See accompanying notes to condensed consolidated financial statements.


4




MATTSON TECHNOLOGY, INC. AND SUBSIDIARIES
CONDENSED CONSOLIDATED STATEMENTS OF CASH FLOWS
(in thousands)
(unaudited)


Six Months Ended
------------------------
June 29, June 30,
2003 2002
-------- ---------
Cash flows from operating activities:

Net loss $(25,537) $ (50,300)
Adjustments to reconcile net loss to net cash
used in operating activities:
Depreciation 3,248 4,855
Deferred taxes 578 (1,214)
Amortization of goodwill and intangibles 1,496 3,374
Loss on disposal of Wet Business 10,257 -
Loss on disposal of property and equipment 651 607
Stock-based compensation - 125
Changes in assets and liabilities, net of effect of acquisitions:
Accounts receivable 11,841 17,527
Advance billings 3,172 20,703
Inventories 3,852 9,340
Inventories - delivered systems 14,059 24,572
Prepaid expenses and other current assets (6,431) 2,400
Other assets 897 (745)
Accounts payable (3,207) 2,597
Accrued liabilities 1,550 (8,759)
Deferred revenue (28,143) (31,381)
-------- ---------
Net cash used in operating activities (11,717) (6,299)
-------- ---------

Cash flows from investing activities:
Purchases of property and equipment (891) (652)
Proceeds from the sale of equipment - 2,939
Proceeds from the disposition of Wet Business 2,000 -
Purchases of investments - (5,118)
Proceeds from the sale and maturity of investments - 9,590
-------- ---------
Net cash provided by investing activities 1,109 6,759
-------- ---------
Cash flows from financing activities:
Restricted cash 512 (863)
Payments on line of credit and long-term debt (475) (5,341)
Borrowings against line of credit 810 194
Payment on STEAG notes payable - (1,204)
Change in interest accrual on STEAG note - 1,255
Proceeds from the issuance of common stock, net of costs - 34,861
Proceeds from the issuance of common stock under stock plans 325 1,342
-------- ---------
Net cash provided by financing activities 1,172 30,244
-------- ---------
Effect of exchange rate changes on cash and cash equivalents 5,720 6,628
-------- ---------
Net increase (decrease) in cash and cash equivalents (3,716) 37,332
Cash and cash equivalents, beginning of period 87,879 64,057
-------- ---------
Cash and cash equivalents, end of period $ 84,163 $ 101,389
======== =========



See accompanying notes to condensed consolidated financial statements.

5



MATTSON TECHNOLOGY, INC. AND SUBSIDIARIES
NOTES TO CONDENSED CONSOLIDATED FINANCIAL STATEMENTS
June 29, 2003
(unaudited)

Note 1 Basis of Presentation

The accompanying unaudited condensed consolidated financial statements have
been prepared in accordance with generally accepted accounting principles in the
United States of America for interim financial information and with the
instructions to Form 10-Q and Regulation S-X. Accordingly, they do not include
all of the information and footnotes required by generally accepted accounting
principles for complete financial statements. In the opinion of management, all
adjustments (consisting of normal recurring adjustments) considered necessary
for a fair presentation have been included. The condensed consolidated balance
sheet as of December 31, 2002 has been derived from the audited financial
statements as of that date, but does not include all disclosures required by
generally accepted accounting principles. The financial statements should be
read in conjunction with the audited financial statements included in our Annual
Report on Form 10-K for the year ended December 31, 2002.

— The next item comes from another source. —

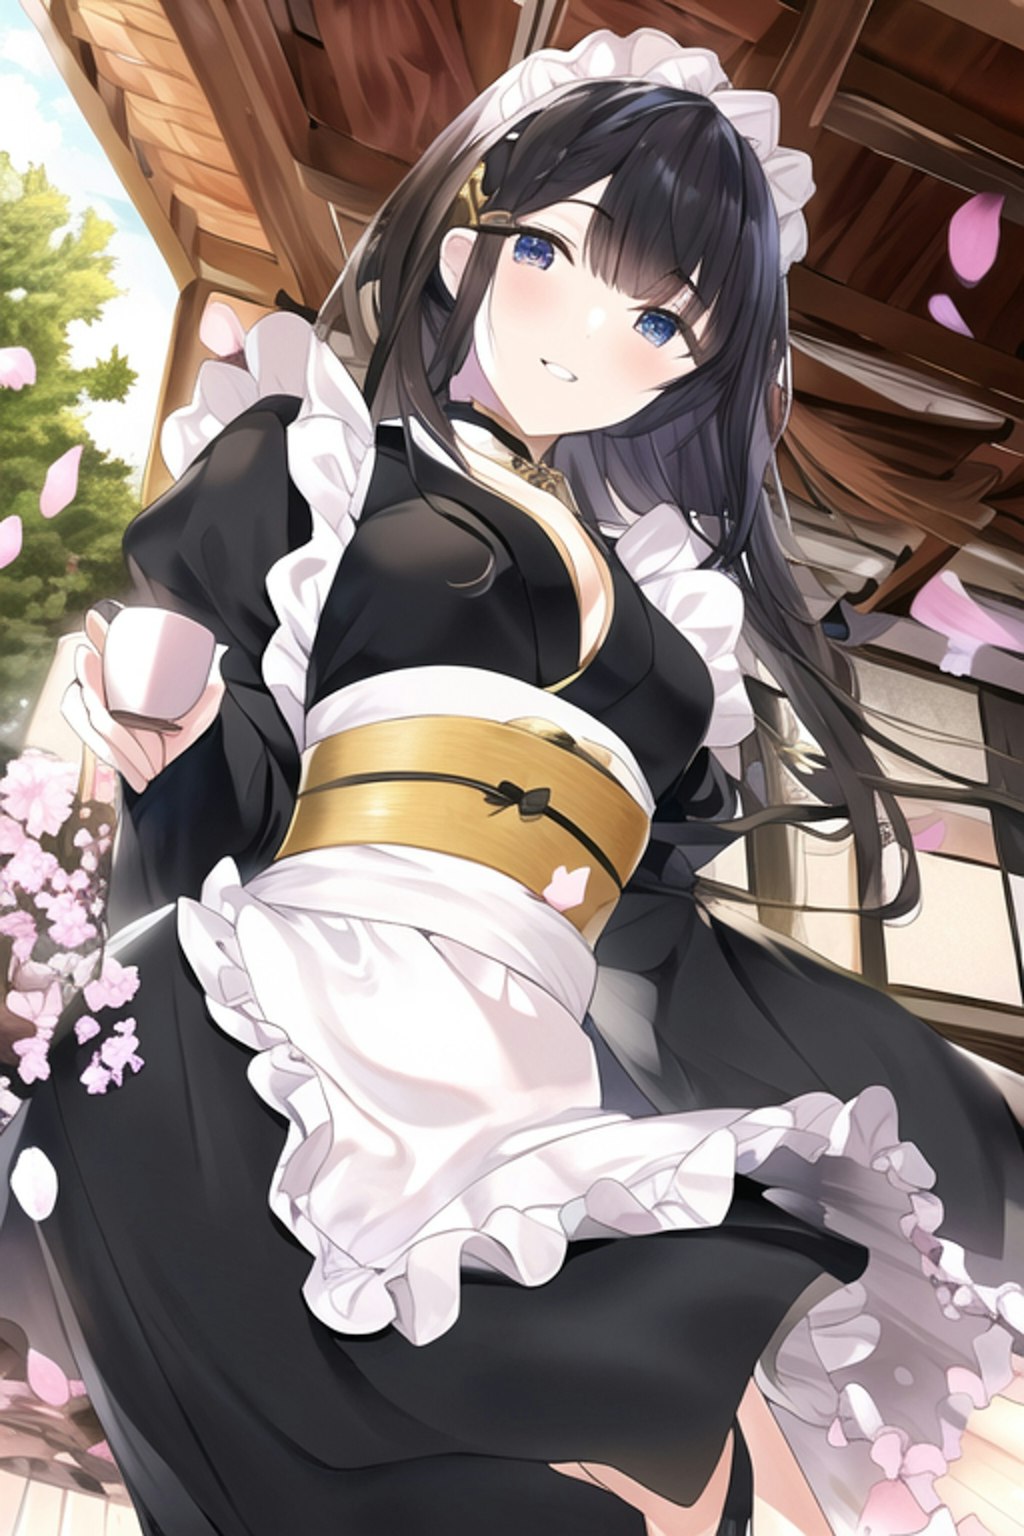 Japanese-style maid

The preparation of financial statements in conformity with accounting
principles generally accepted in the United States of America requires
management to make estimates and assumptions that affect the reported amounts of
assets and liabilities at the date of the financial statements and the reported
amounts of revenues and expenses during the reporting periods. Estimates are
used for, but are not limited to, the accounting for the allowance for doubtful
accounts, inventory reserves, depreciation and amortization periods, sales
returns, warranty costs and income taxes. Actual results could differ from these
estimates.

The condensed consolidated financial statements include the accounts of
Mattson Technology, Inc. and its subsidiaries. All intercompany accounts and
transactions have been eliminated in consolidation.

The results of operations for the three and six months ended June 29, 2003
are not necessarily indicative of results that may be expected for the future
quarters or for the entire year ending December 31, 2003.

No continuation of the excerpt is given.